Kazakhstan sees oil export disruption resolved by end of April

Nariman Gizitdinov April 14, 2022

(Bloomberg) — Kazakhstan expects its main oil-export route via Russia to restore full operations in late April, but remains concerned about the possible impact of Western sanctions or shipping problems on the flow of crude, said Energy Minister Bolat Akchulakov.

The Black Sea shipping terminal for the Caspian Pipeline Consortium halted loadings from two of its three moorings in late March, citing damage from strong storms. About 80% of Kazakhstan’s crude exports are shipped from the facility, which is located on Russia’s Black Sea coast, and the nation has been forced to curtail production as it waits for repairs. 

The CPC operator has the necessary spare parts, and the only thing now preventing repairs is bad weather, Akchulakov said. The damaged equipment is not complicated and shouldn’t require lengthy works, he said.

“We set April 15 as an interim milestone, it would be good if they could complete everything by then,” Akchulakov said in an interview. “But they haven’t even started the repairs yet,” so it may take until late April, he said.

On March 24, the minister estimated that the repairs would take no longer than 1 1/2 months. 

Some 90% of the crude carried through the CPC link originates in Kazakhstan, with the giant Tengiz, Kashagan and Karachaganak oil projects providing almost all of those volumes. The pipeline also carries some crude of Russian origin, which is injected along its route.

With some countries including the U.S. and U.K. banning imports of Russian oil, and many other buyers reluctant to deal with the country, it is vital that CPC crude isn’t affected, Akchulakov said.

The pipeline is an important oil supplier for Europe so it “needs a special status, allowing it to operate” without being constrained by sanctions targeting Russia, he said. The U.S. ban on Russian oil imports announced in early March did allow companies to continue buying cargoes of Kazakh crude delivered by the CPC pipeline. 

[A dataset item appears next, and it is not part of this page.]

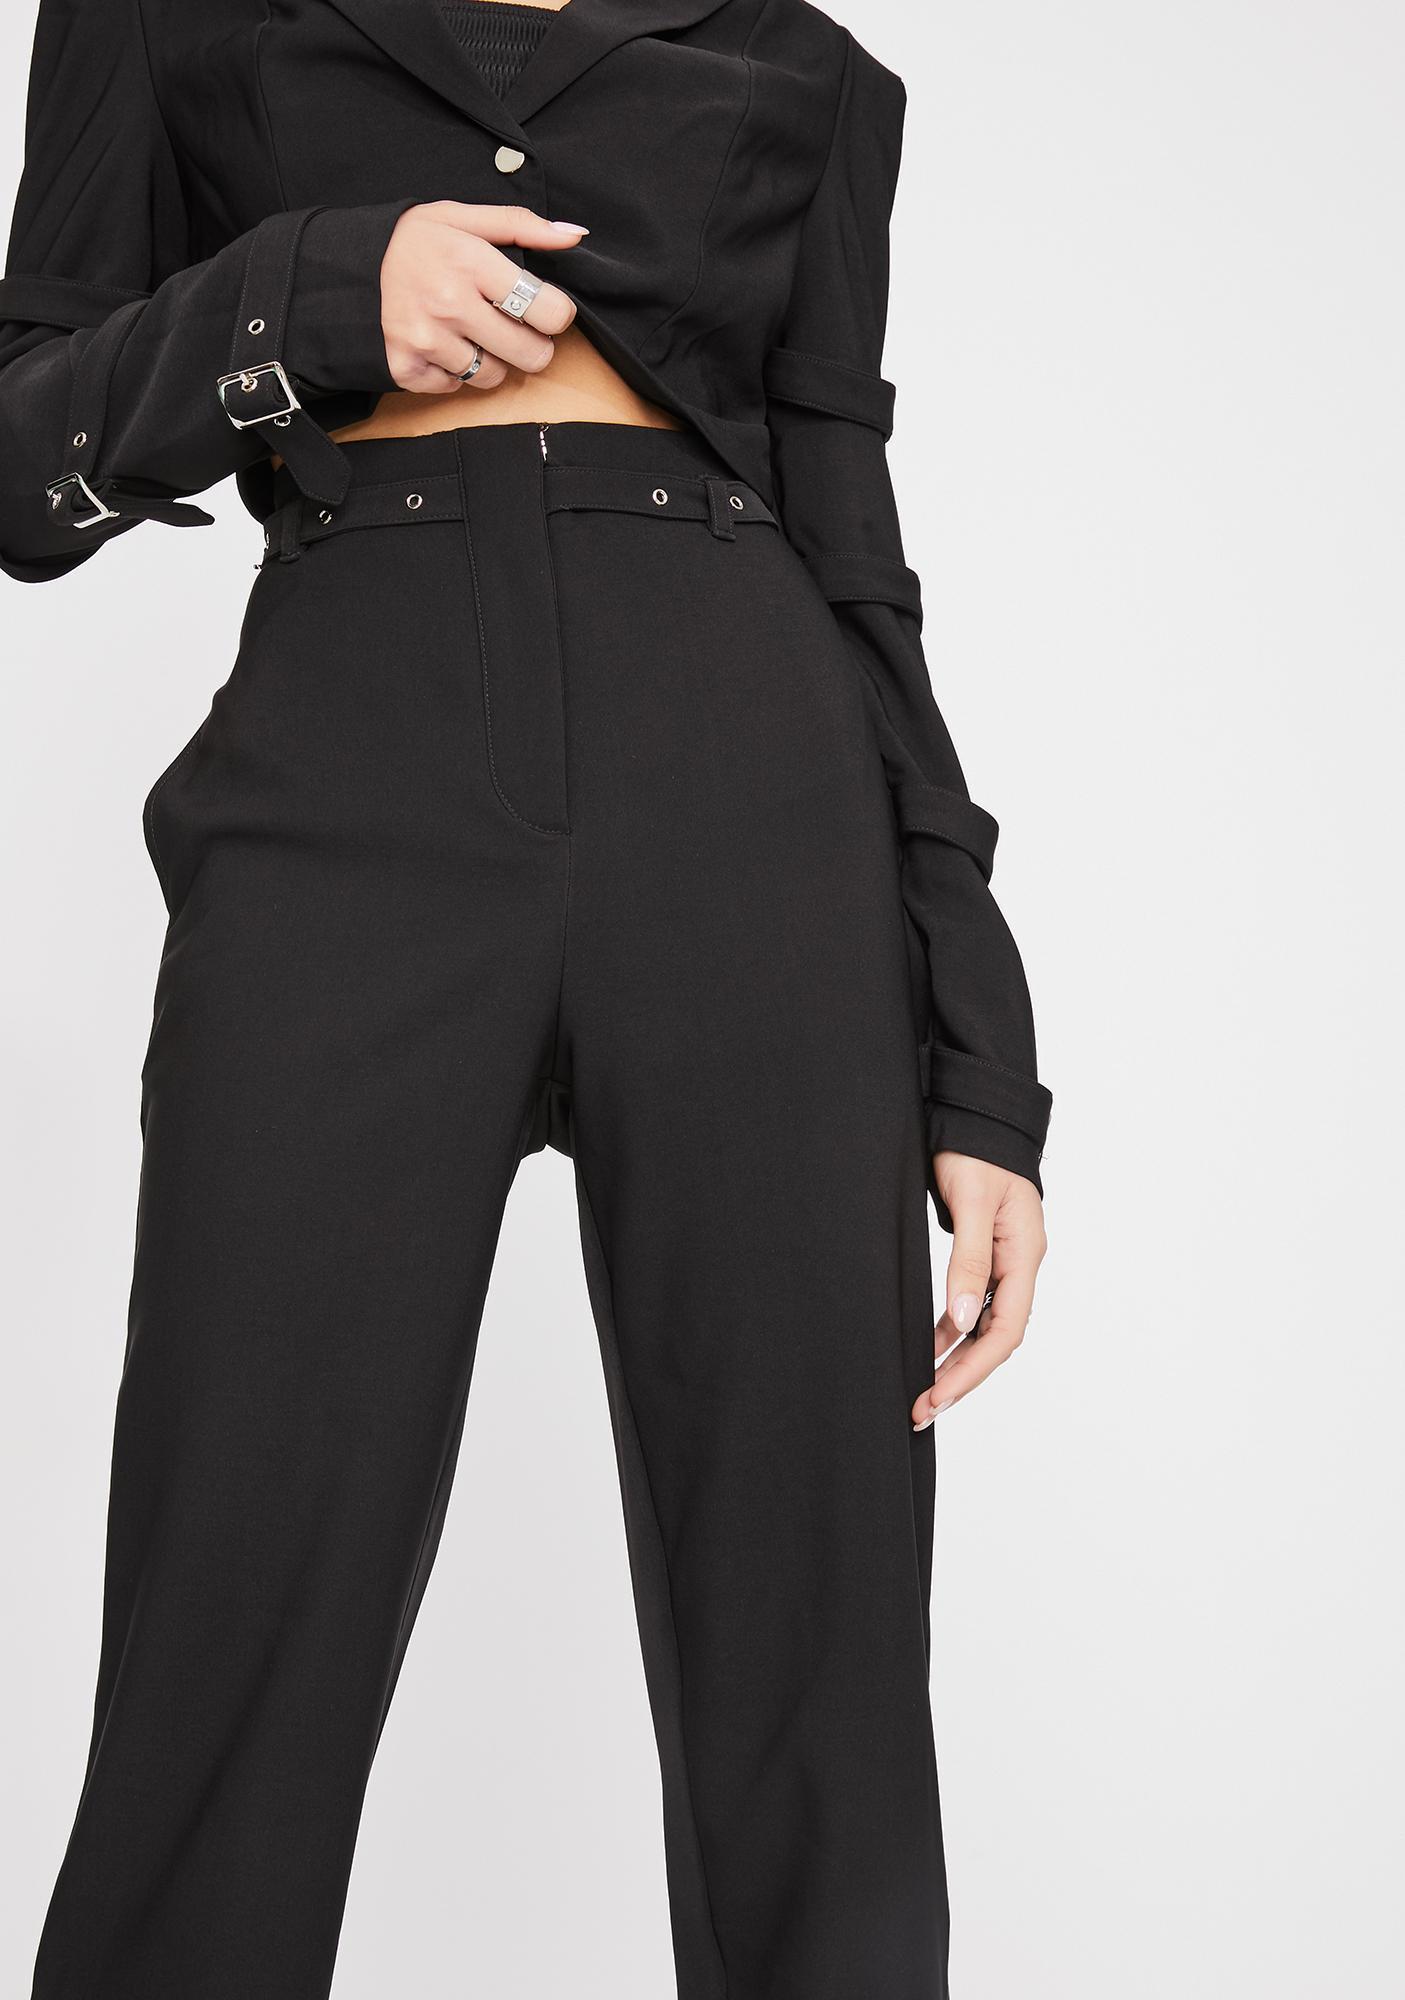 STEELE District Buckle Pants

The European Union, U.S., Russia and Kazakhstan need to find “some mutual agreements” on CPC, Akchulakov said.  

The value of CPC crude, which is still being delivered from one operational mooring at the terminal, has suffered because of the Ukraine crisis, Akchulakov said. It is trading at an unusual discount to benchmark prices because of shipping risks associated with Russian ports, he said. 

Kazakhstan expects to have more clarity on the progress of repairs at the shipping terminal around April 20 to 25, Akchulakov said. Should the repair works last into May, “this won’t be good,” he said. 

In the event that the CPC pipeline wasn’t able to resume full operations this year, Kazakhstan would have to cut its 2022 oil production plan by around 2.5 million tons, from previous expectations of 87.5 million tons, according to Akchulakov. The single undamaged mooring at the terminal allows the loading of about 110,000 tons a day of Kazakh crude, he said. 

If necessary, Kazakhstan could reroute as much as 1 million tons of crude a month from the CPC link. Tengizchevroil is already using all the tank-rail cars it could find to ship about 180,000 tons of oil a month over land to Georgia’s Black Sea port of Batumi, Akchulakov said. The Atyrau-Samara link to Russia could carry as much as 200,000 to 300,000 tons more in April, and the eastbound Atyrau-Kenkiyak pipeline and the port of Aktau on the Caspian Sea could each deliver an additional 250,000 tons a month, he said.